Chimichurri Marinated Skirt Steak

Marinating meats is the easiest way to flavor it without much effort. I recommend marinating with something acidic to help break down the meat so it becomes more tender. Using homemade Argentinian Chimichurri is perfect! Salty, acidic and full of flavor. It makes this meat stellar. Whether you plan to grill, broil or pan fry - the marinade is the key to this meal. The meat is perfect as it is - no need for additional sauces. If you'd like to serve a little extra chimichurri on the side, that's fine. My husband likes the fresh chimichurri taste with the cooked. I personally just eat the meat as is. 


If you do not want to make your own chimichurri, you should be able to purchase some already made. But nothing beat fresh. Also make please make sure the meat you purchase is from a well known source. I can't stress enough the importance of grass-fed meats. They are  leaner, usually ethically treated and a lot healthier (more vitamins, minerals, and no hormones). Antibiotics are not a part of this recipes. Make sure when you eat, you are being conscience of what you eat and are eating the best. You deserve to eat only the highest quality of foods!



Chimichurri Marinated Skirt Steak


Cook Time: 15 minutes
Prep Time: 4-8 hours 
Serves: 3-4


Ingredients:

  • 1 lb of grass fed skirt steak
  • 1 1/2 tbsp of chimichurri (self made or store bought)
  • salt and pepper to taste

In a glass bowl or some type of container, combine the skirt steak and the chimichurri until the meat is well coated. Cover the glass bowl and place in the refrigerator for at least 4 hours or overnight if you'd like. Turn at least once. 


Once marinated - Heat a large skillet over medium heat. Transfer the meat from the bowl onto the hot skillet (salt and pepper both sides if you'd like) . Don't worry about shaking off the excess marinade.




Let the meat cook for about 7 minutes or until the one side is browned. Turn over and repeat with the other side. If you prefer a more well done steak, you may cook it longer. This amount of time should give you a slight pink center and crusty outside. 



Thursday, June 7, 2012

Triple Chocolate Brownies

By request from a friend, I made brownies. And what makes brownies so decadent and irresistible? Chocolate, a lot of chocolate (ladies need their chocolate)! My Triple Chocolate Brownies are made up of raw cacao, 70% melted dark chocolate and mini dark chocolate chips. How could these not be amazing? These are sweet, rich and not too dense. Box brownie mixes are to "boxy" for me. How do you describe a boxy taste? Beats me but I guess it is like cardboard with some sweetness. If you are going to treat yourself (and friends) to brownies, make the the best. 

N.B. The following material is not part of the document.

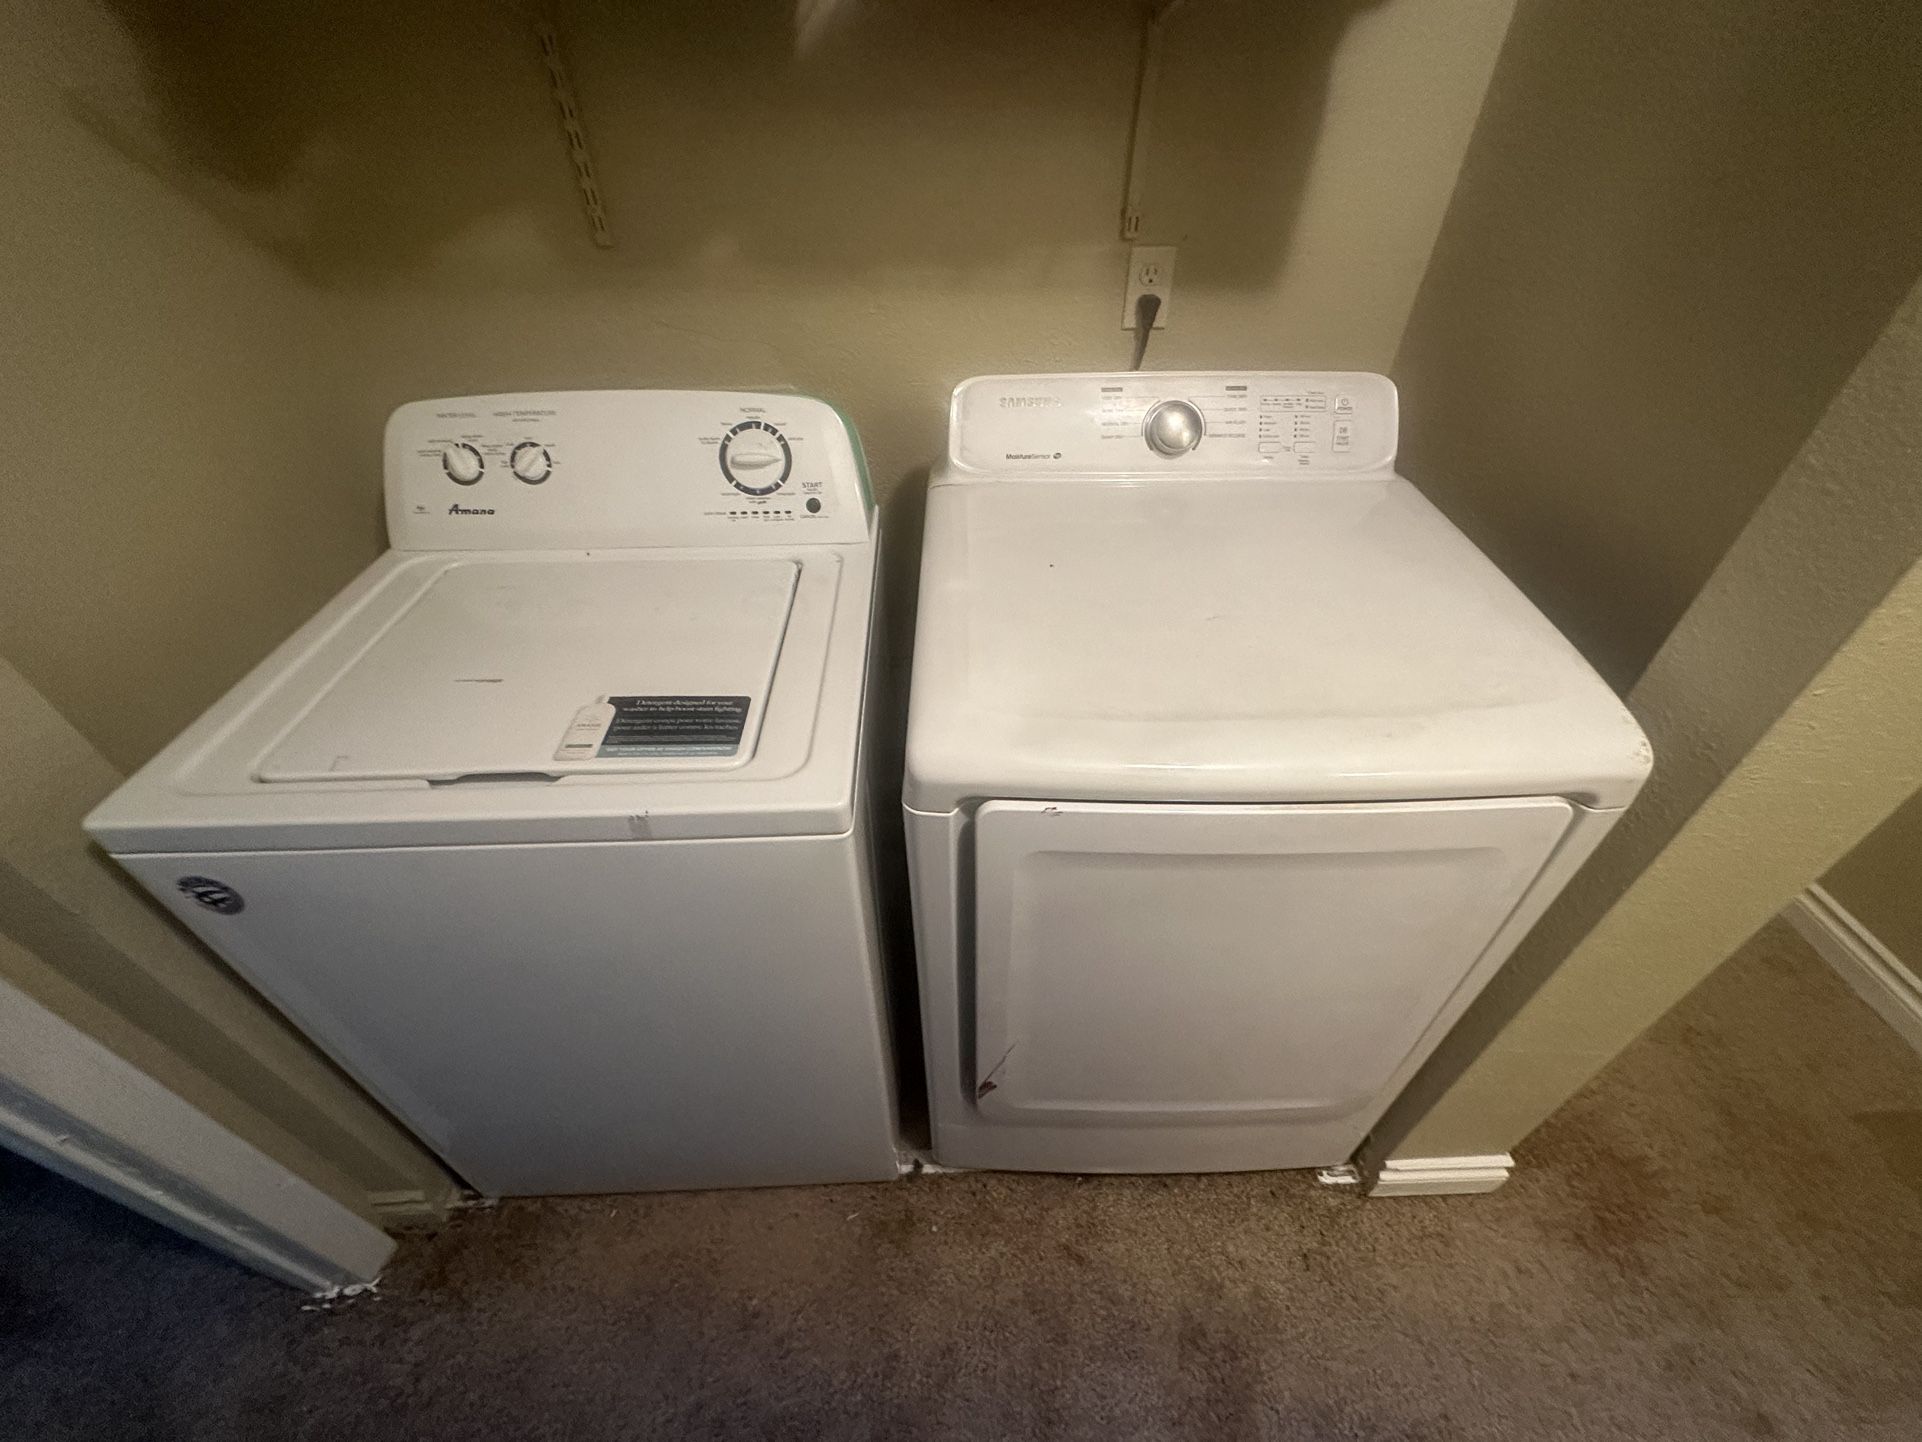 PRICED TO SELL $400 FOR PAIR Amana Washer And Samsung Dryer

I used Nutiva extra virgin coconut oil, Navitas Naturals raw cacao powder, and 70% dark chocolate was one I found at whole foods (it's from spain, sold in large chunks by the pound). When you go to melt the 70% dark chocolate, make sure you cut it into smaller pieces to help it melt quicker. Also by melting it with the coconut oil, it help prevent burning the chocolate. I add cinnamon because it gives the chocolate a rich flavor (as does adding coffee), but omitting it is just fine. 


Triple Chocolate Brownies


Cook Time: 20 minutes
Prep Time: < 10 minutes
Serves: 12-16 brownies


Ingredients:
Dry (sift all):

  • 2/3 cup all purpose flour
  • 1/3 cup raw cacao powder (or use cocoa powder)
  • 1/4 tsp baking powder
  • 1/4 tsp salt
  • 1/2 tsp ground cinnamon

Wet:

  • 1/3 cup dark brown sugar, packed
  • 1/2 cup fine raw sugar
  • 1 tsp pure vanilla extract
  • 2 eggs
  • 1 oz 70% dark chocolate, melted
  • 1/2 cup coconut oil, melted

  • 1/3 cup mini dark chocolate chips or chunks



Preheat oven to 400F. Grease a 8 x 8 baking dish with coconut oil. 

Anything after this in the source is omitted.